> **To do**
Reproduce the entire listing exactly. Leave the pictures out.

> **Data section**
--- START ---

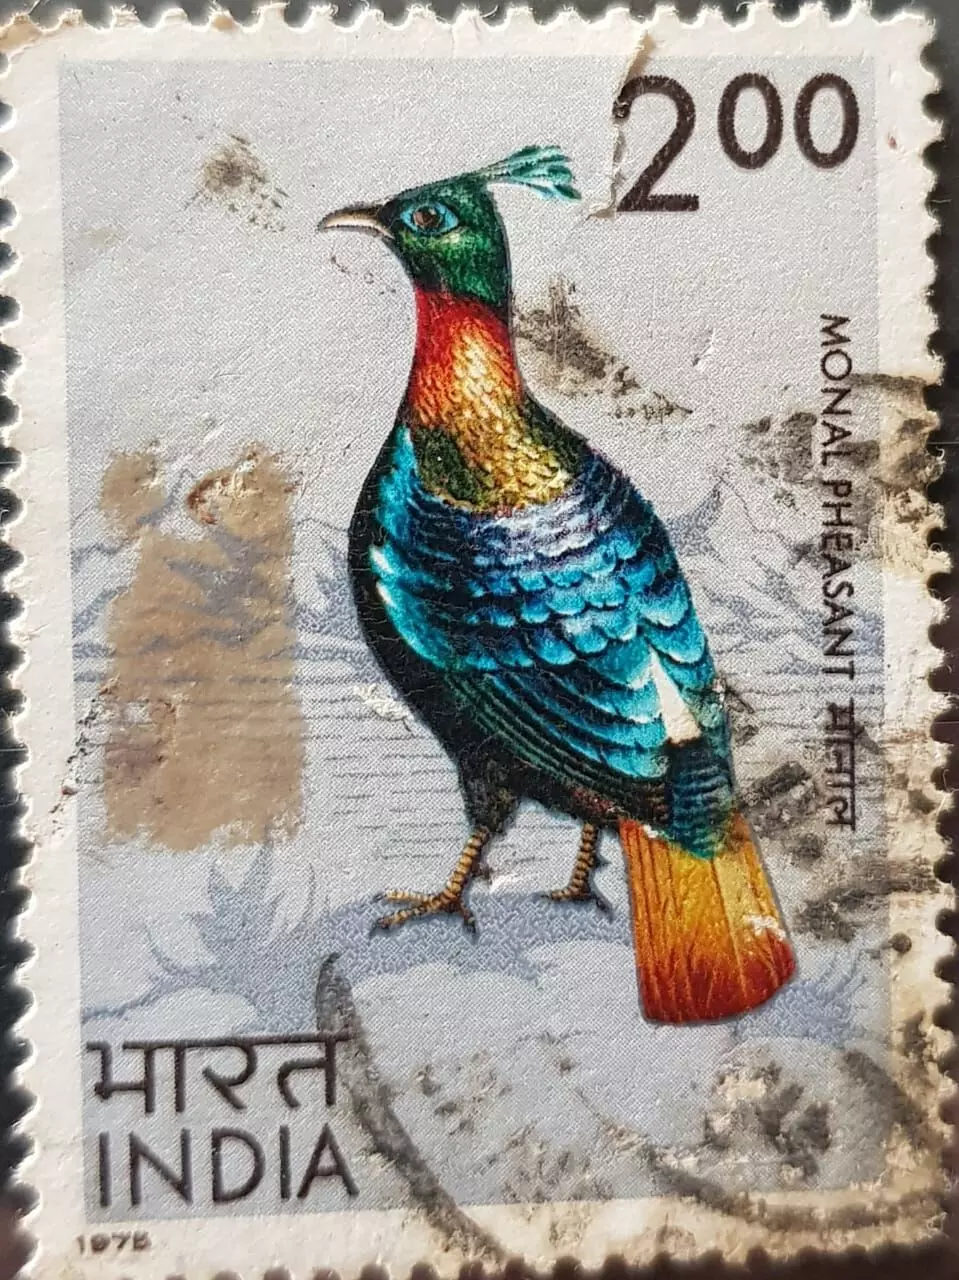 Launching of Parliament of Bird Philatelists FB Page from Vadodara
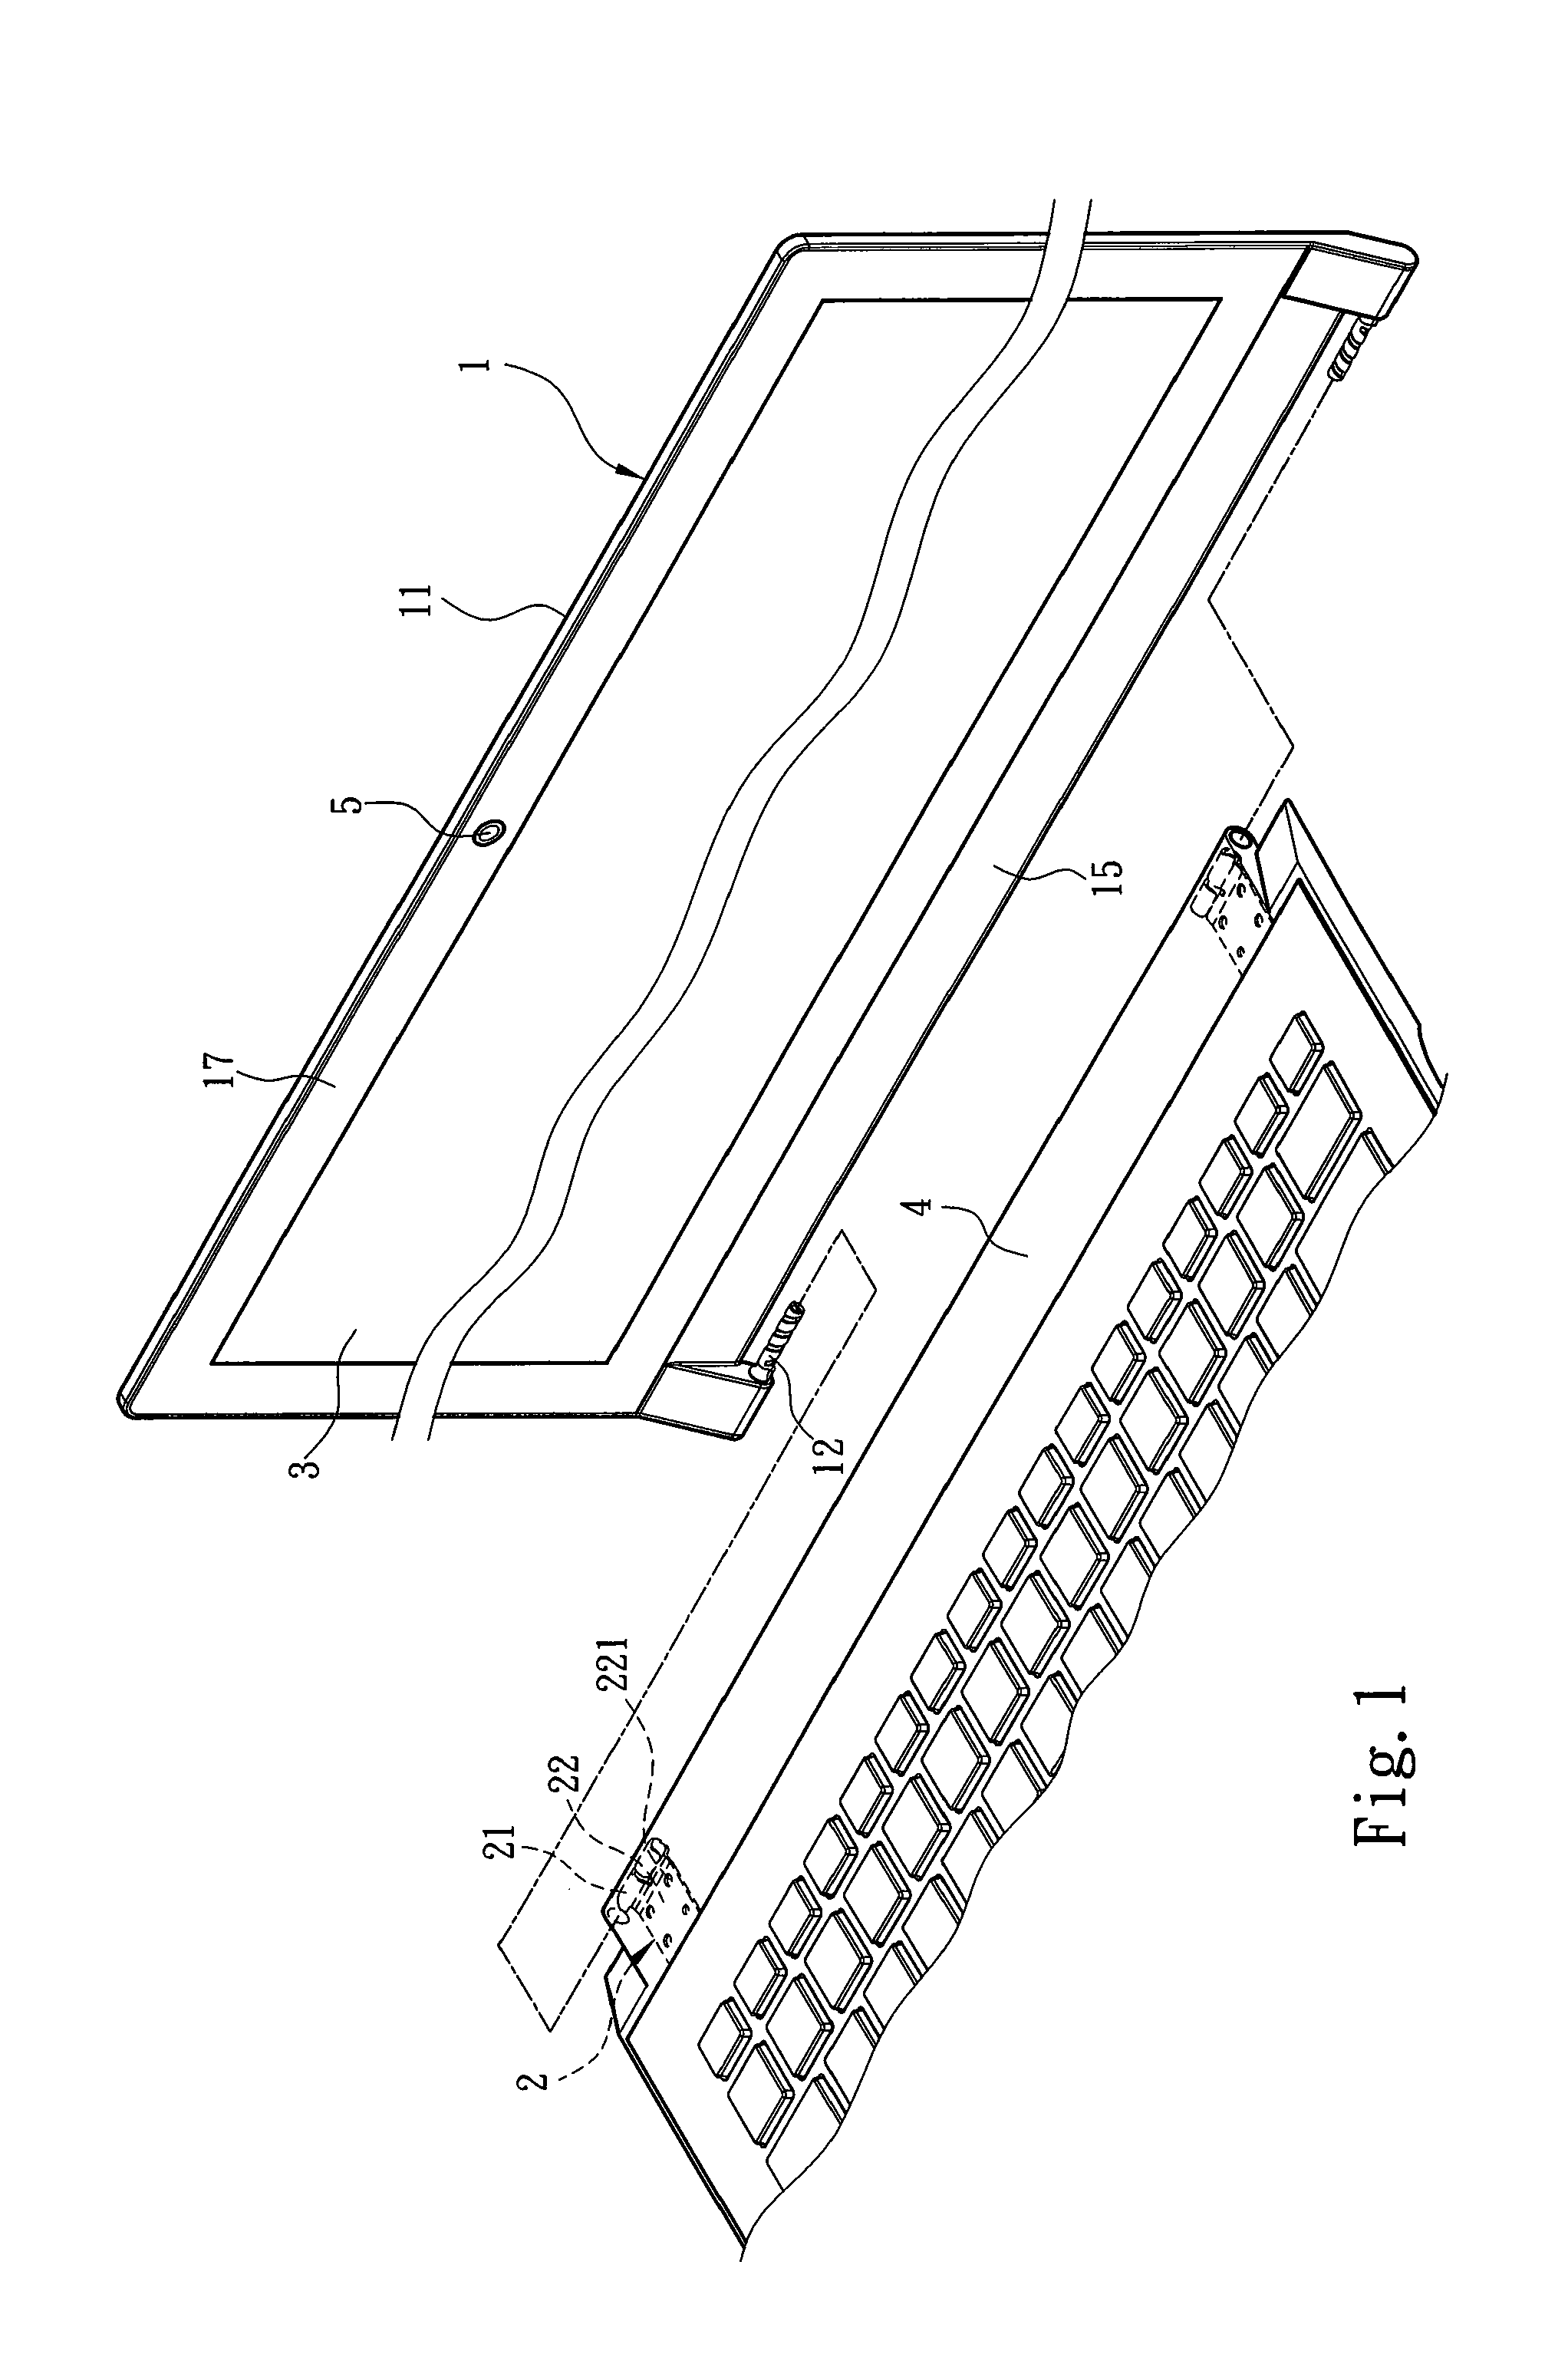 Hinge structure for assembly of a display module
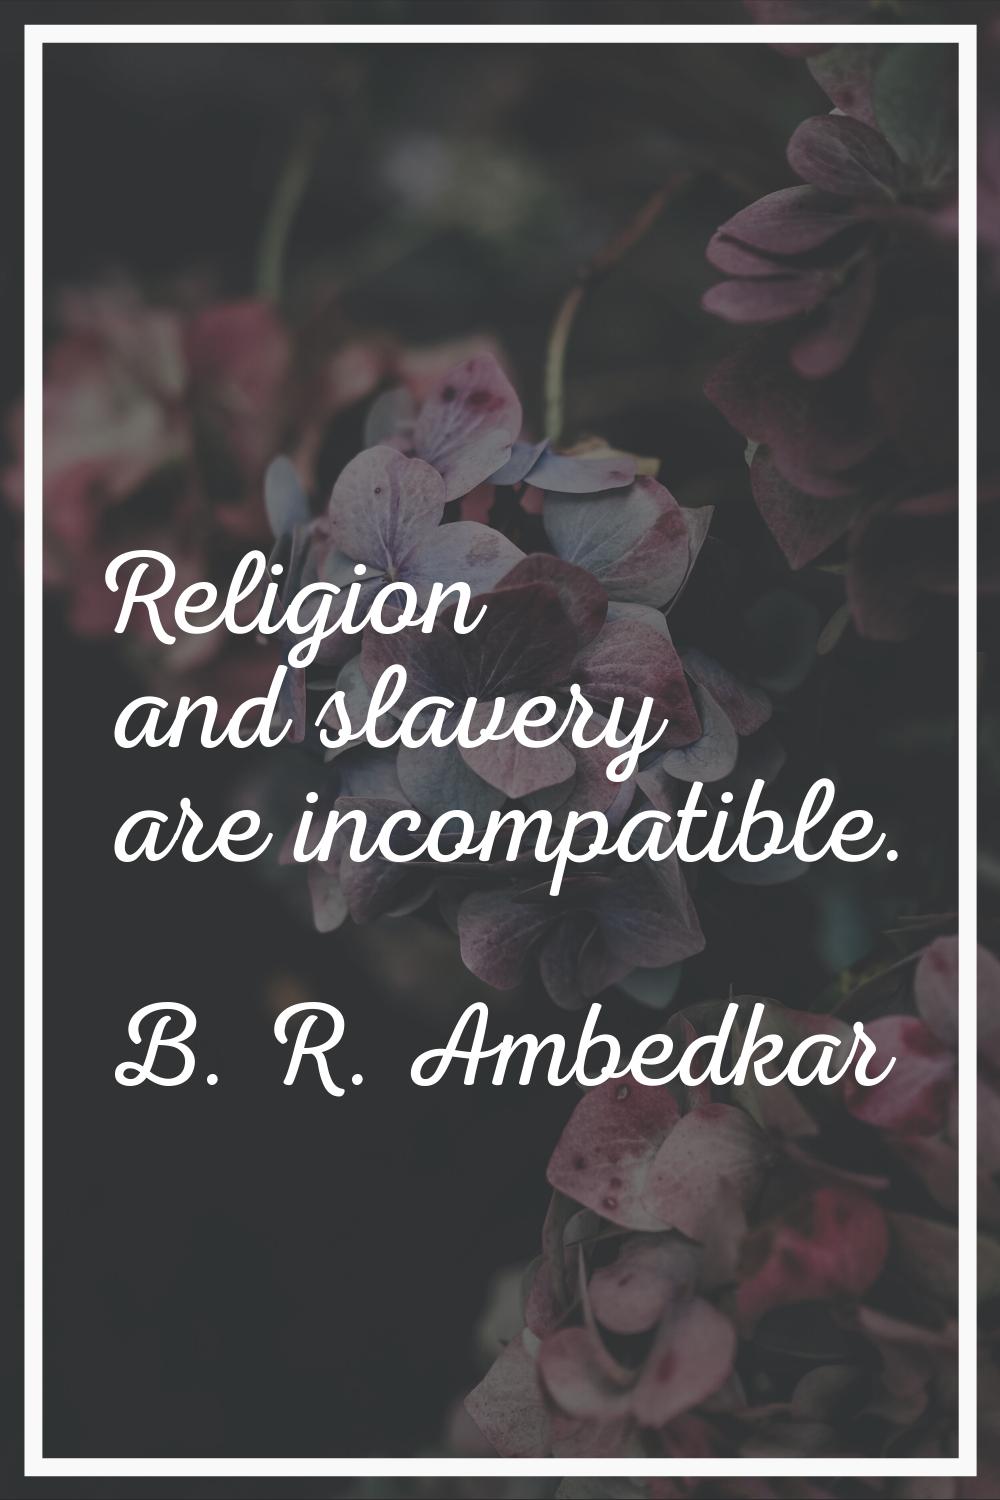 Religion and slavery are incompatible.

--- END ---

> **Solution below**
 Launching of Parliament of Bird Philatelists FB Page from Vadodara
 Hinge structure for assembly of a display module
 Religion and slavery are incompatible.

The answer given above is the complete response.